Renault Zoe

BATD ON Aug 13, 2013 AT 9:38 am

Zoe can be plugged in at home

Zoe Charges In

OK, so we’re probably not going to get that jetpack the future promised us, but electric cars are coming. The Nissan Leaf has won plenty of fans and the BMW i3 arrives in November, but the latest car to try to lure oil addicts from the pumps is the zippy and affordable Renault Zoe.

Renault has looked carefully at all the reasons people might shy away from  electric cars and has an answer for most of them.  The biggie is price – but at £13,995, after Government grant, the Zoe is comparable to a Fiesta.

People expect electric cars to be funny looking, but the Zoe is definitely cute, and it has a cute girl’s name.

The boot is huge, and it isn’t full of batteries. Plus, people fret about a potential huge bill hanging over the owner and the resale value when the batteries fail. So if you buy a Zoe, you only lease the battery pack. A lifetime guarantee means Renault will repair or replace the batteries if they drop below 75% capacity.

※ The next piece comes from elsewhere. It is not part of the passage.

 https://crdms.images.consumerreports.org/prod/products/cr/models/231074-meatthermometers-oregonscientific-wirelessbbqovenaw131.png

Getting into the Zoe, I liked the retro-futuristic cabin – ever so slightly Jetsons –but everything I expected was in the right place. It’s weird when you turn the key and there’s no sound, but I’m used to that in hybrid cars. We set off smoothly and it accelerates pretty fast. Again, it’s odd when you’re used to a car going RR-RR-RR as you change gear.  The Zoe’s sound simply rises in a linear fashion, and there’s more wind and tyre noise than mechanical noise.

Renault Zoe

 A Sound Idea

At low speeds, the Zoe would be almost silent. So, for the sake of wandering smartphone-staring halfwits, Renault has given it a ‘voice’ at below 18mph. I imagined the car humming to itself. Or maybe it would play a tune, like the ice cream van that used to chill my blood with its sinister rendition of Teddy Bear’s Picnic. Maybe in future we could download a sound like a ring tone, but it might to frenzied attacks by crazed pedestrians. Still, I was disappointed that the ‘voice’ seemed to be just a low moan.

In most respects the Zoe is disappointingly normal. It’s easy to drive and easy to park. It does make occasional sighing noises, and can stop a bit abruptly, but I could get used to that.

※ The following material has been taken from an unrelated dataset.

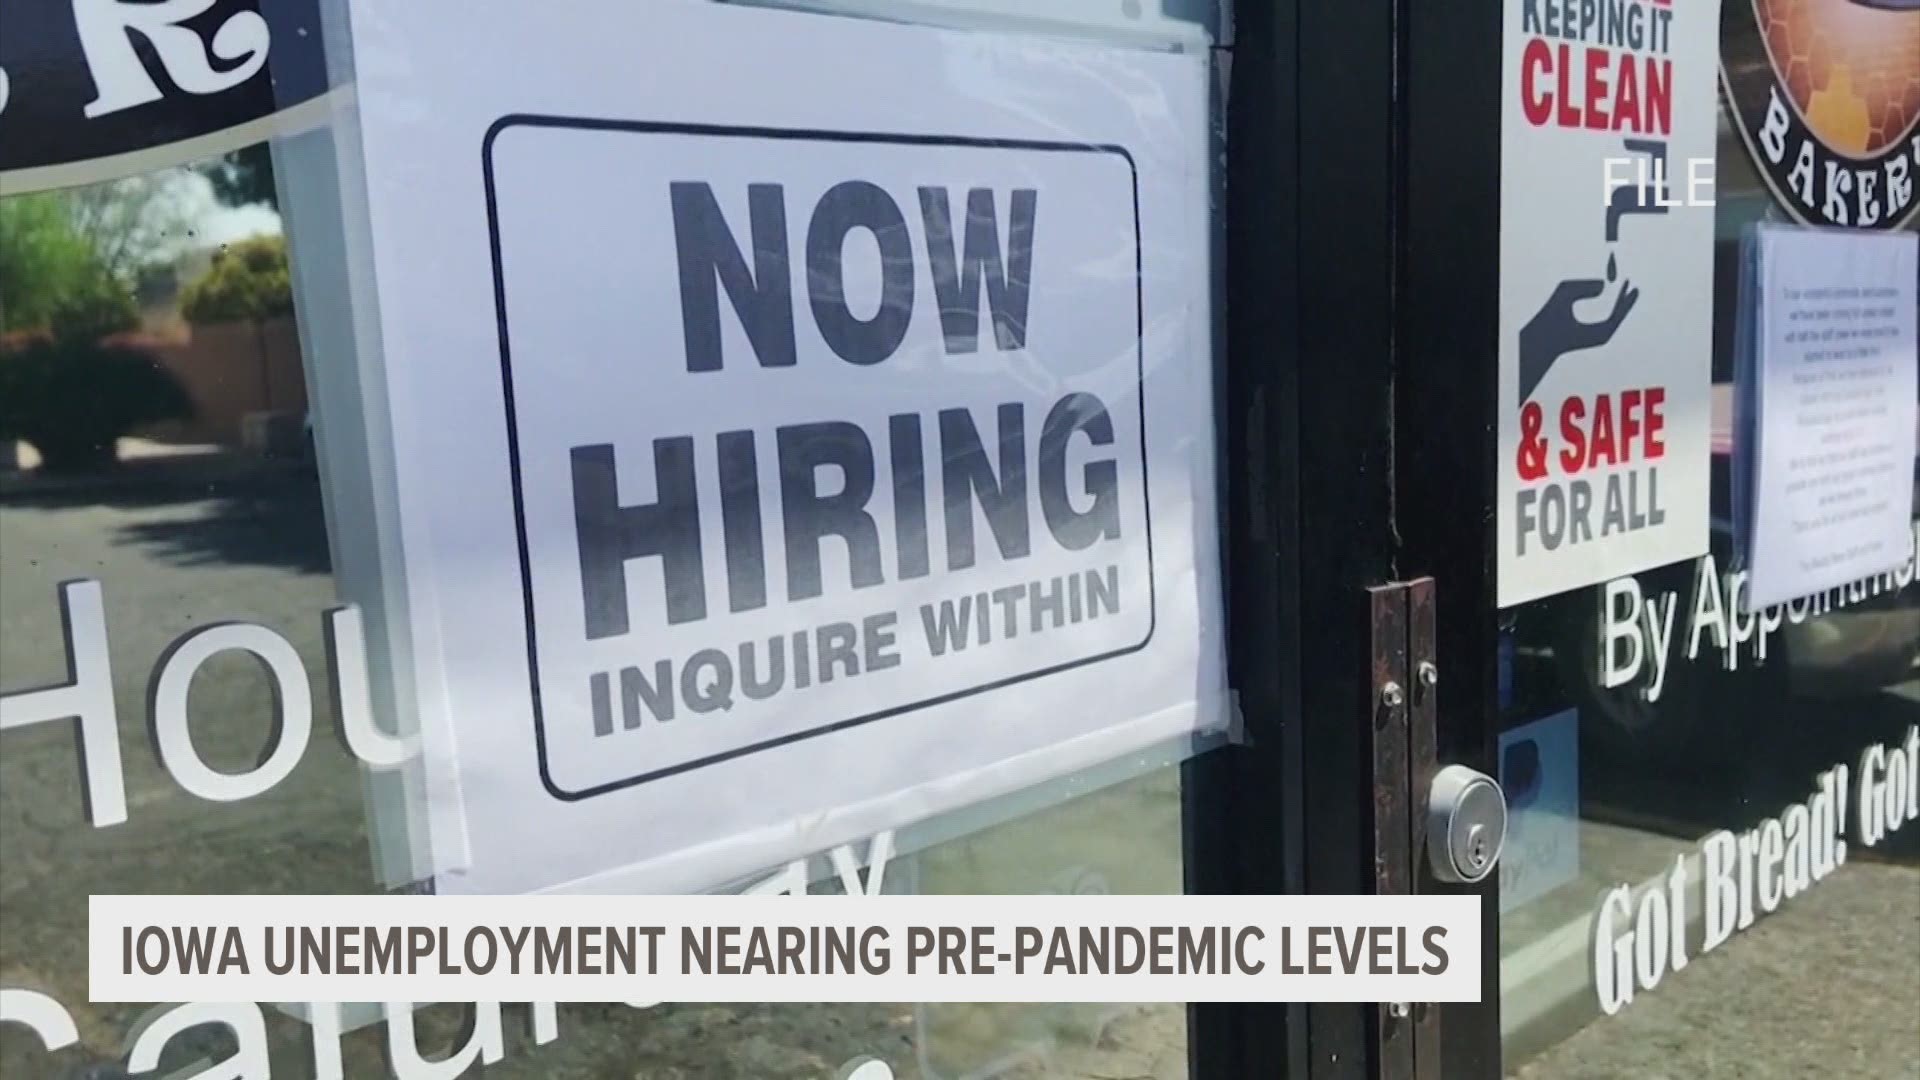 Iowa's unemployment rate hit an all-time high in April 2020 with more than 10% of Iowans without a job. Now, the rate sits just under 4%.

I don’t think I could have one as my only car, though, it would be just one more thing I’d have to ‘manage’. You can plug it in overnight, and the charge will be enough for most people’s commute. There are charging stations popping up all over the place, too, and the car’s R-Link multi-media system can direct you to them. But even a rapid charge takes 30 minutes.

My phone battery is always flat, so I can imagine dashing out heading for important meeting, only to find I’d forgotten to plug it in. At least Renault guarantees that if you do run out of charge away from home, a man in a van will rescue you.

Keeping The Lights On

The biggest question is not for Renault alone. We’re being warned there will be black-outs in the next few years if we don’t find more ways to produce energy.

So will the already-stretched grid be able to power up thousands, or potentially millions of electric cars?
Ben Fletcher, product manager for Renault’s electric cars, told me about all sorts of clever ideas, such as timers to make sure cars only charge up at cheaper times when there is less demand. Your house could even claim some of the cheap energy stored in the car’s batteries during the day, if you’re not going out. Used batteries could also be used to store electricity by power stations or businesses. All clever stuff, it just needs some joined-up thinking. Otherwise we’ll be fracking until Lancashire sinks.

Renault Zoe
£13,995 plus £70 per month battery lease for 7,500 miles per year, £77 for 9,500 miles, and rising with mileage
Compared to Ford Fiesta TDCi 75PS 5dr £14,095 plus £65 for a 45-litre tank of diesel

Zoe attracts no road tax, congestion charge or benefit-in-kind tax
It’s official range is 130 miles, but Renault reckons in real-world motoring it will do 60-64 in winter, 90 in temperate weather

Liz Turner was on staff at What Car? magazine for five years and has driven everything from a Smart car to the Rolls-Royce Phantom.